Conditions Governing Access
Conditions Governing Use
Preferred Citation
Processing Information
Biographical / Historical Notes
Immediate Source of Acquisition
Arrangement
Scope and Content
Title: Richard Stephens Diary Collection
Identifier/Call Number: MS 238
Contributing Institution:
San Diego History Center Document Collection
Language of Material:
English
Physical Description:
0.75 Linear feet
(2 boxes)
Date (inclusive): 1885-1917
Abstract: This collection contains five volumes of diaries by surveyor Richard Stephens dated between 1885 and 1917.
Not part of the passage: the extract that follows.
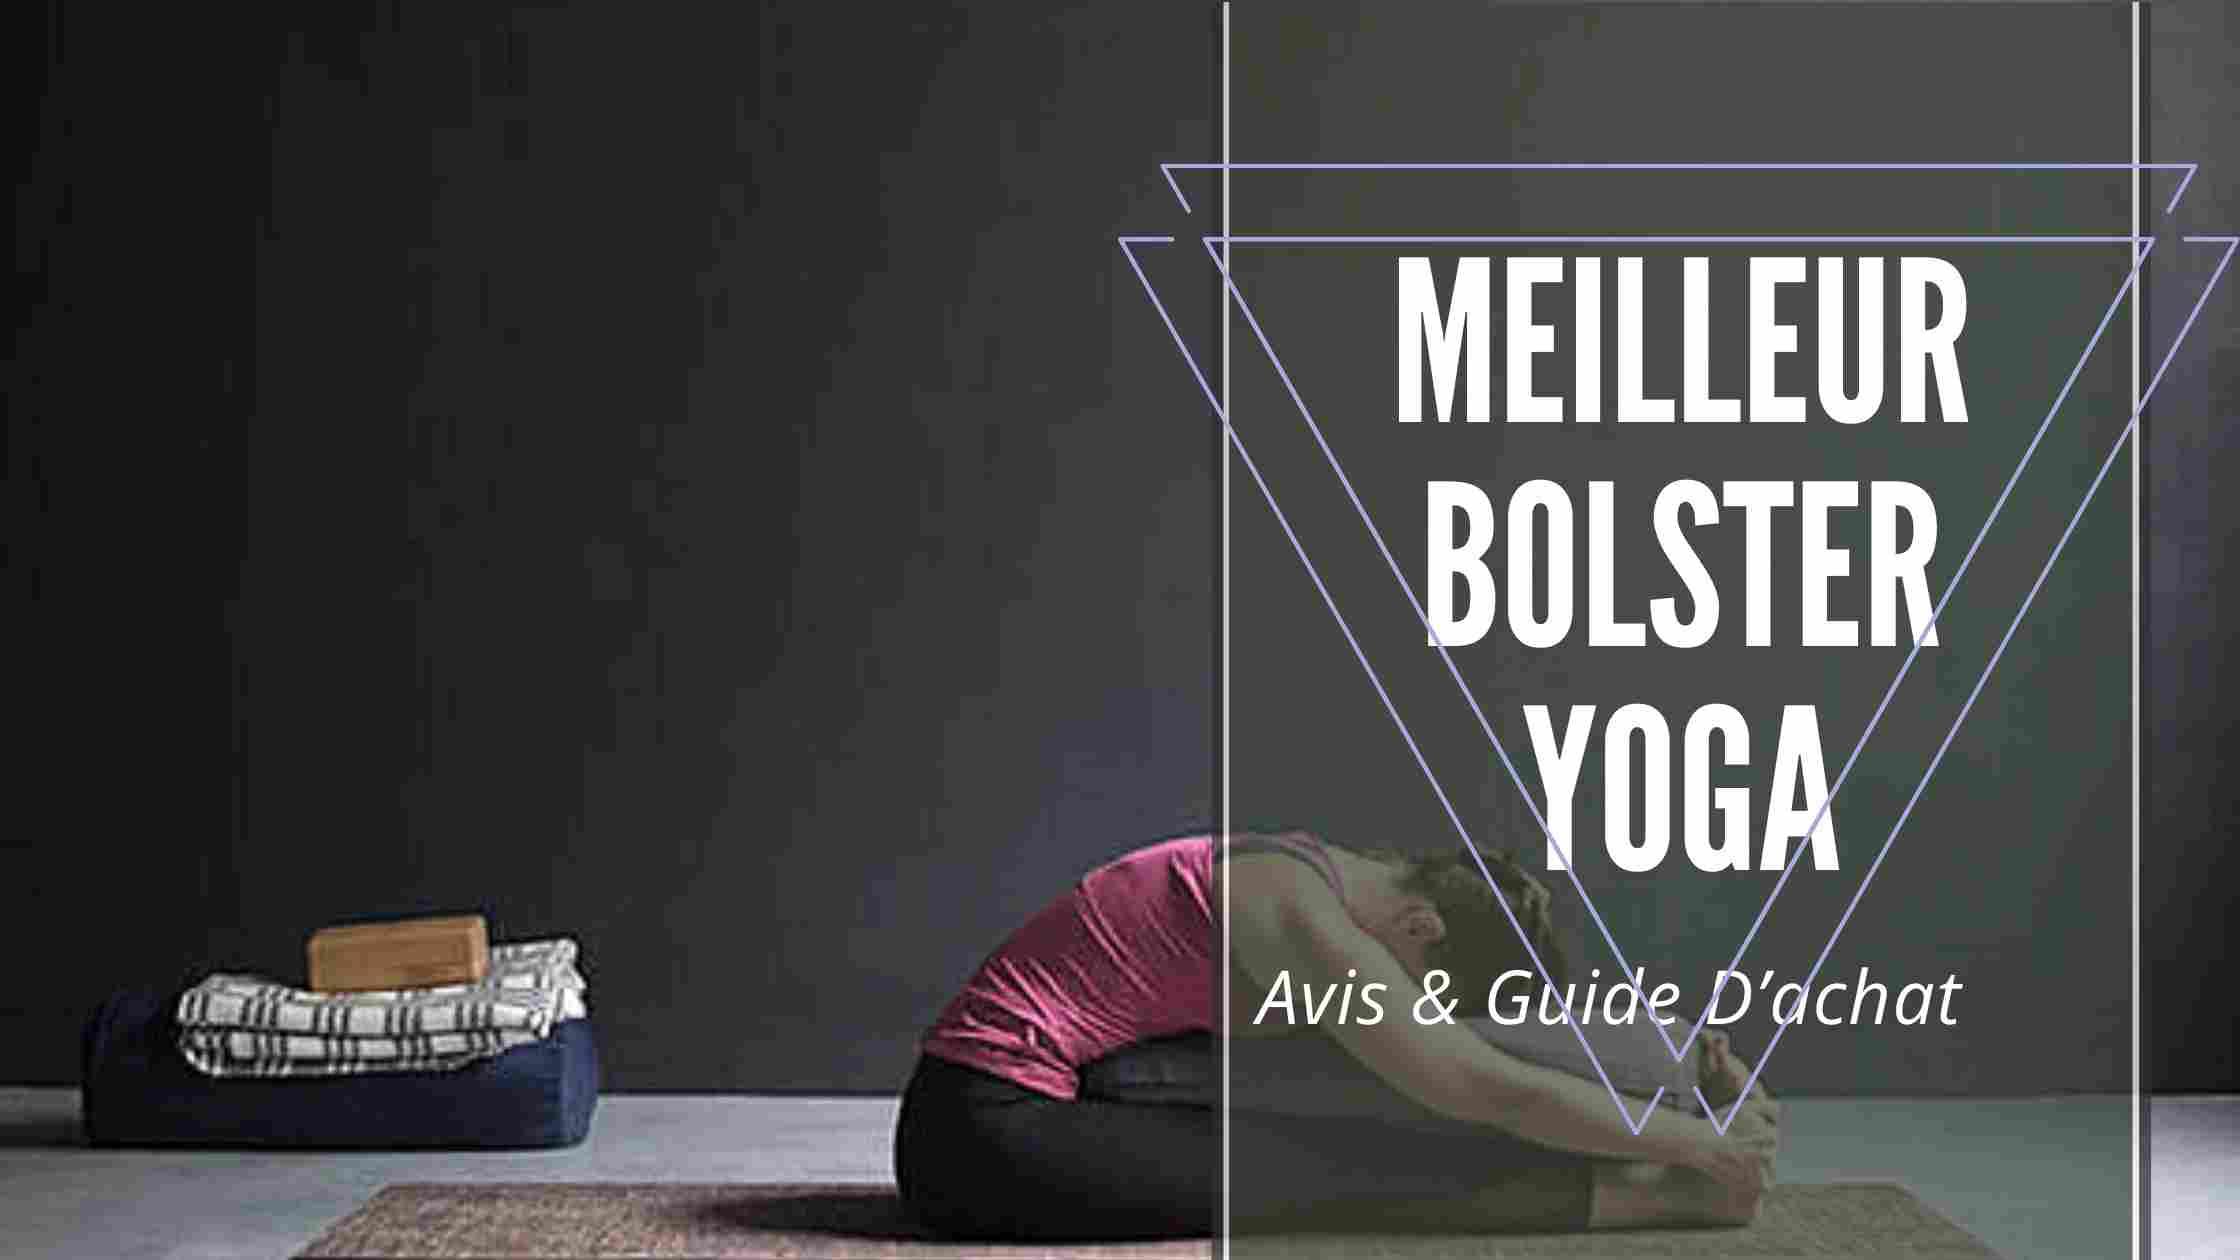 Meilleur Bolster Yoga

Language of Materials: Collection materials are in English and Spanish.
creator:
Stephens, Richard
Conditions Governing Access
This collection is open for research.
Conditions Governing Use
The San Diego History Center (SDHC) holds the copyright to any unpublished materials. SDHC Library regulations do apply.
Preferred Citation
Richard Stephens Diary Collection, MS 238, San Diego History Center Document Collection, San Diego, CA.
Processing Information
Collection processed by Katrina White on September 12, 2012.
Collection processed as part of grant project supported by the Council on Library and Information Resources (CLIR) with generous
funding from The Andrew Mellon Foundation.
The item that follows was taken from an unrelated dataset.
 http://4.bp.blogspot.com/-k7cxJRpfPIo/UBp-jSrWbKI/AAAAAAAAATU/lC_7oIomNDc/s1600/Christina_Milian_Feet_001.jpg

Biographical / Historical Notes
Richard Stephens was born on July 24, 1830 in Devonshire, England to Thomas and Susan Stephens. Stephens had two siblings
younger than himself; a brother who died in infancy and a sister who died at sea in 1842 as the family was making the passage
to Canada from England. In Canada, Stephens lived in Port Dover, Ontario and worked as a farmer with his father, even though
his dad had studied engineering. After his mother died (date unknown; father had passed away previously on an unknown date),
Stephens made the decision to leave Canada because he could no longer take the extremes of Canadian weather. Stephens decided
to visit San Diego in June 1885, and by June 29, 1885, the city became his home base. Stephens still held on to the property
he had in Port Dover (Silver Lake), and visited Canada on many occasions, but he never moved back to Canada. In November 1885
Stephens was offered the position of civil engineer with the Mexican Land and Colonization Company. He accepted the position;
thereafter the diaries reflected a life being lived between San Diego and the unpopulated regions of Baja California.
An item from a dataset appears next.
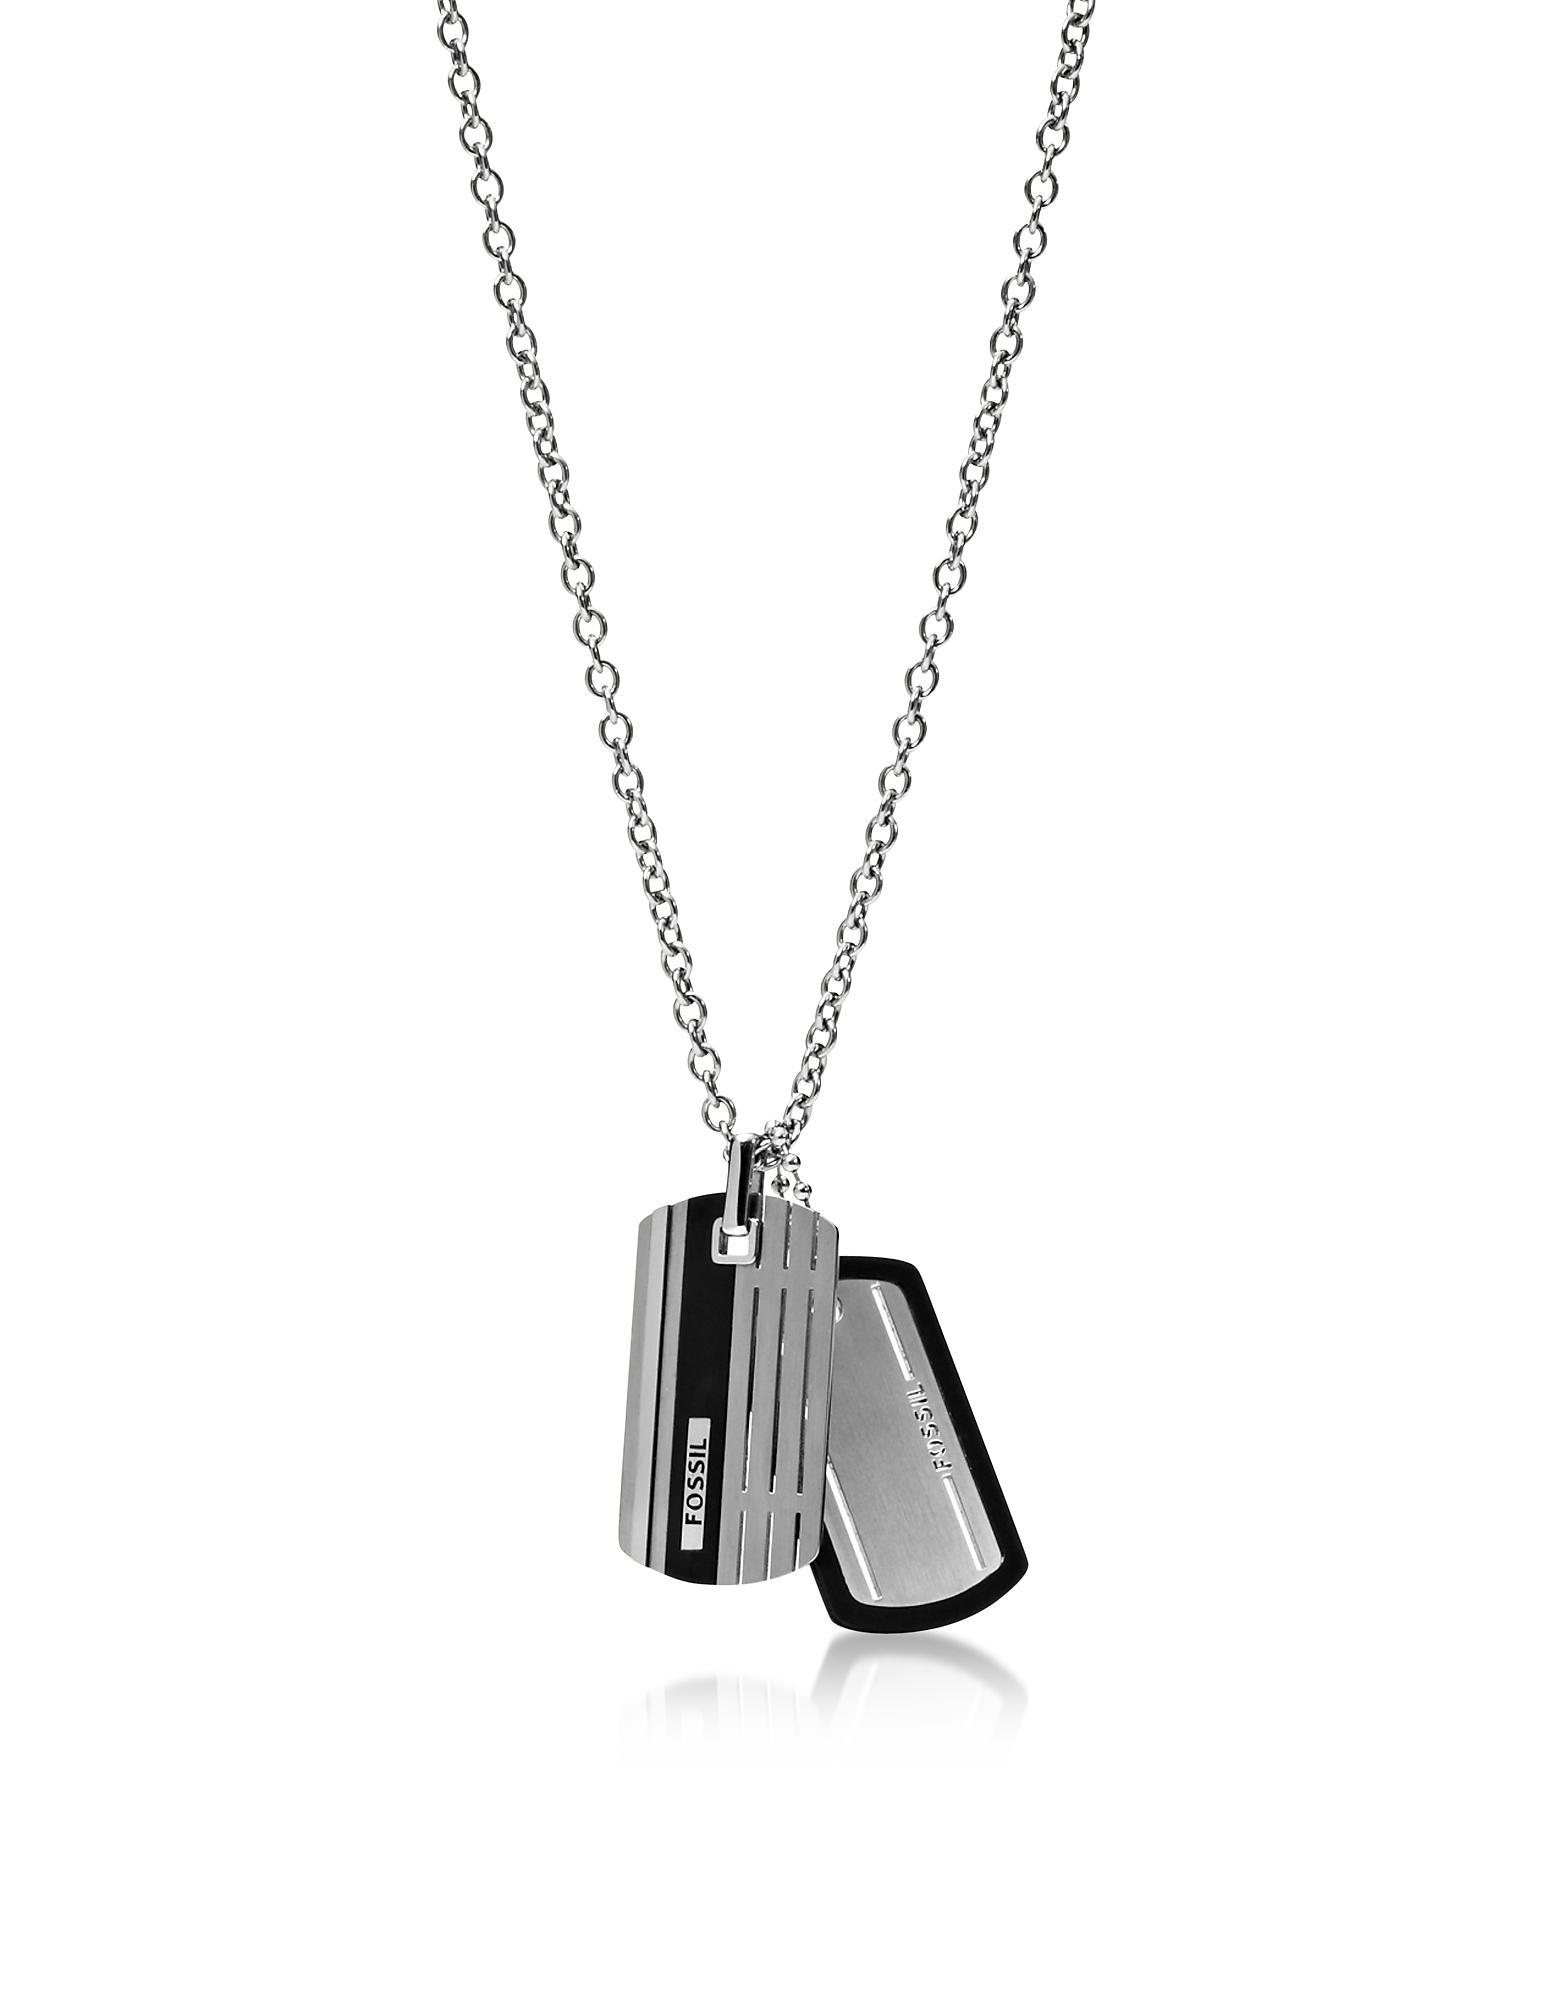 ID Tag Men's Necklace

During his years with the company, Stephens bought land in Baja California, most notably Rancho Huecos y Baldios and Rancho
San Ramon. At one point Stephens hoped to create a Canadian colony in these lands, but due to lack of irrigation, little interest,
and legal disputes, this vision never came to fruition. Stephens resigned from the company in 1890 after becoming aware of
the corruption and illegal actions of many of its employees. After resigning from the company, Stephens continued to survey
land and mines in Baja independently, both for himself and other prospectors. From the period after Stephens resigned from
the company to the end of his life, Stephens was continuously involved in land disputes regarding his property in Baja California.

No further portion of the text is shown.